Feeling sheepish

The responsibilities of acquiring a new family

Posted by Fitheach on Sun 05 April 2020

I went for a walk along a forestry style track, yesterday. Ahead of me was a ewe, with two lambs. The ewe felt nervous about my approach, and started to trot away from me. The lambs were, of course, following her closely. However, the sheep didn't trot away uphill or downhill. Instead, they continued along the track. I also continued along the track. All of us walked in this procession for some time. As the sheep were moving faster, they increased the distance between us. In a short space of time, I could see the sheep about 1000m ahead of me.

Where's mum? A very young lamb, lying low, by the side of the track.

From that distance it looked like there was only one lamb, but I couldn't be certain. I didn't give it any more thought. I continued my walk along the track. It was then that I suddenly noticed a wee white bundle, lying by the side of the track. It was one of the twin lambs I had disturbed earlier. I took a couple of photos (including the one above) and moved on for a short distance. I stood for a few moments, and considered how far away the mother ewe and twin sibling were from this other lamb. I took another few steps along the track, but stopped rather quickly as I felt something touching my legs. It was the lamb. I walked on for a few seconds more. Yet again the lamb followed me, and then nudged my legs. I repeated the exercise, and so did the lamb.

Oh, merciful heavens! In the few seconds it took me to take the photographs, the lamb had imprinted itself on me. The mother ewe and other lamb were still visible, so I decided to test the situation by walking back in the opposite direction. The lamb followed me. I was in a right pickle. As cute as the lamb was, I didn't want to be responsible for a young life. I had to reunite the mother and lamb.

The mother ewe, and the twin sibling lamb.

By this time the ewe and lamb had moved uphill from the track, but were still visible. I was worried that the mother was so spooked by my appearance that she might not come back for her other lamb. I decided I needed to bring them together. My plan was to get behind, and above, the ewe and lamb, and drive them back to the solitary lamb. I had to do this quickly as the mother was still moving away from me. I started to jog along the track. My heart nearly broke as I looked back and saw my new charge trying to keep up with me.
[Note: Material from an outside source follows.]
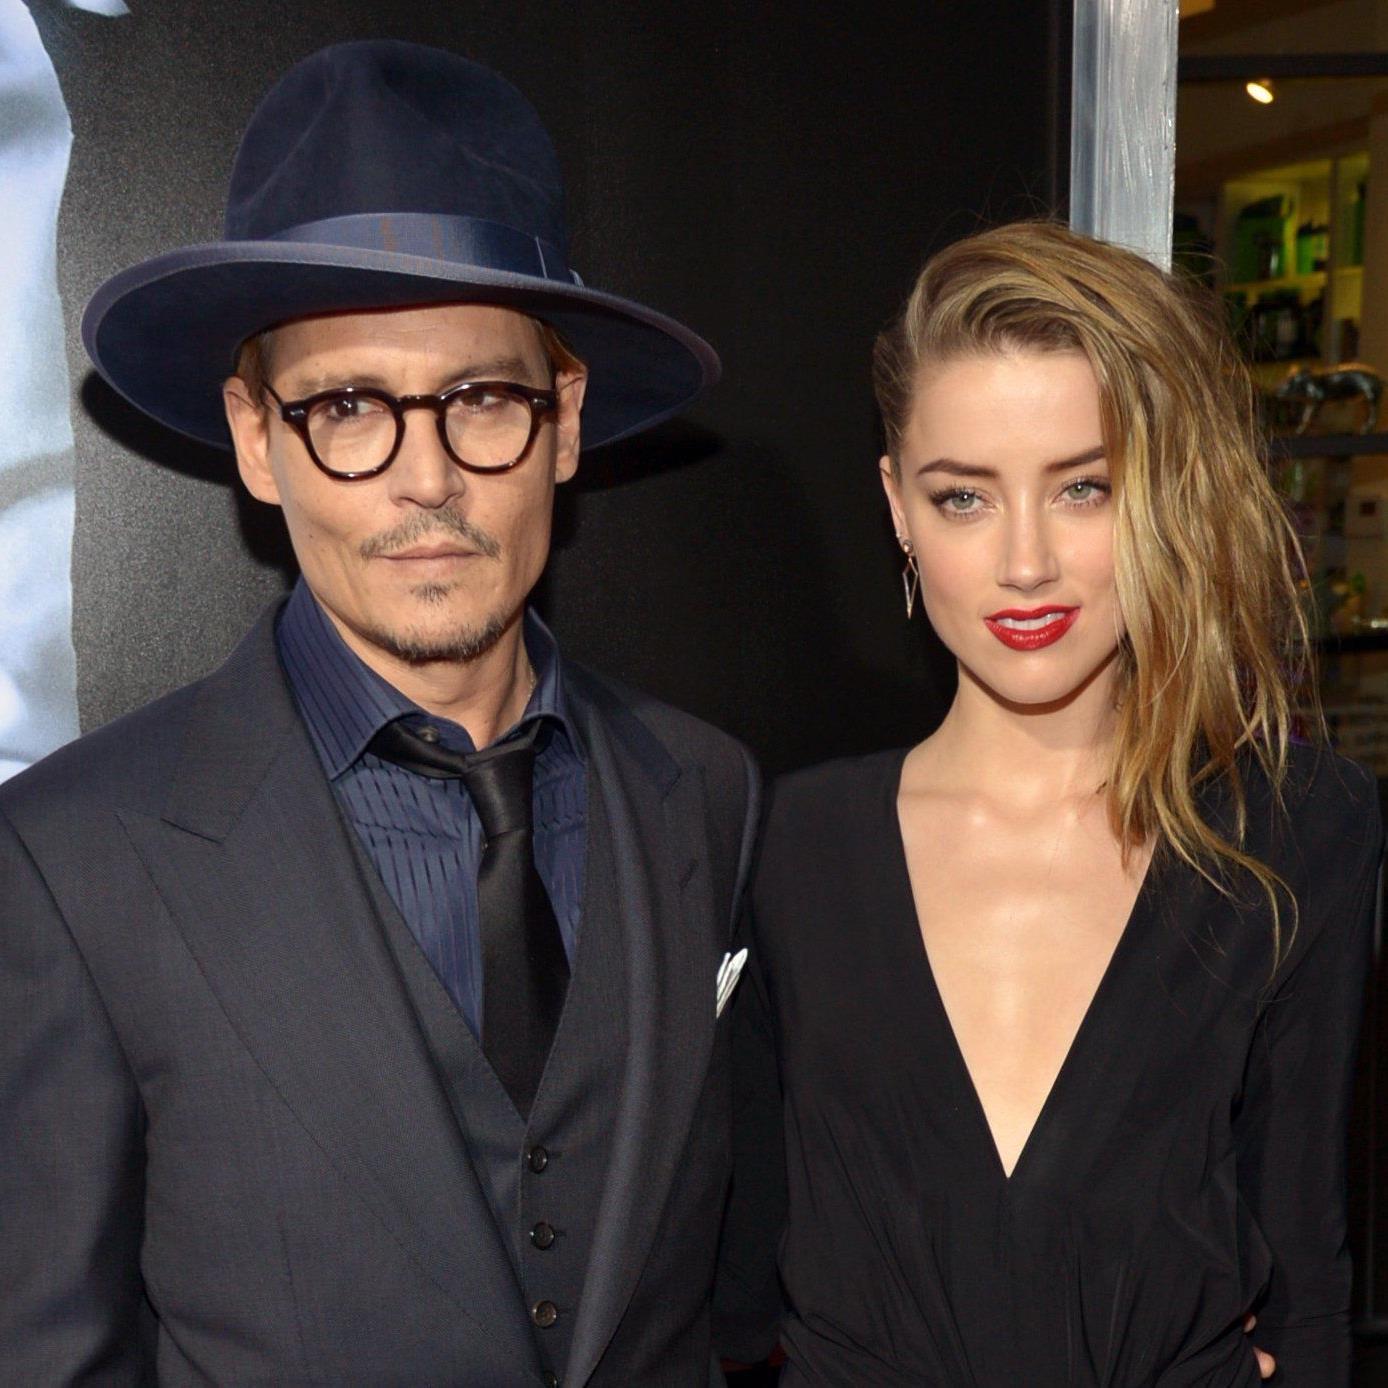 Johnny Depp ist nun offiziell vom Markt - laut Medienberichten hat er Freundin Amber Heard geheiratet.

The wee spindly legs were doing their best to stay with me. Thankfully, after a short while the solitary lamb gave up, and lay down on the track.

I increased my jogging speed, I had to overtake the other two sheep. I managed to overtake the sheep in one plane, I now needed to jog up the very steep hill to get above them. This was hard work. After scrambling and slipping, puffing and panting, I managed to also get above them. I stopped for a few moments to enjoy the view, and congratulate myself on achieving the first part of my plan. I started to move down the hill at an angle towards the ewe and lamb. They were driven ahead of me at the same angle. Yes! It was working. After a short while the two sheep rejoined the track, and, to my great relief, started to walk towards the solitary lamb. Just a few minutes later and all three were reunited. I was so happy. My ever so brief period of parental responsibility was over. I wasn't going to take any chances and moved uphill so as not to disturb the family unit again. I got back to the car a little more tired than usual, and also a little emotional. I will miss "my" wee lamb. Those few seconds of him nuzzling my legs and running after me affected my emotions.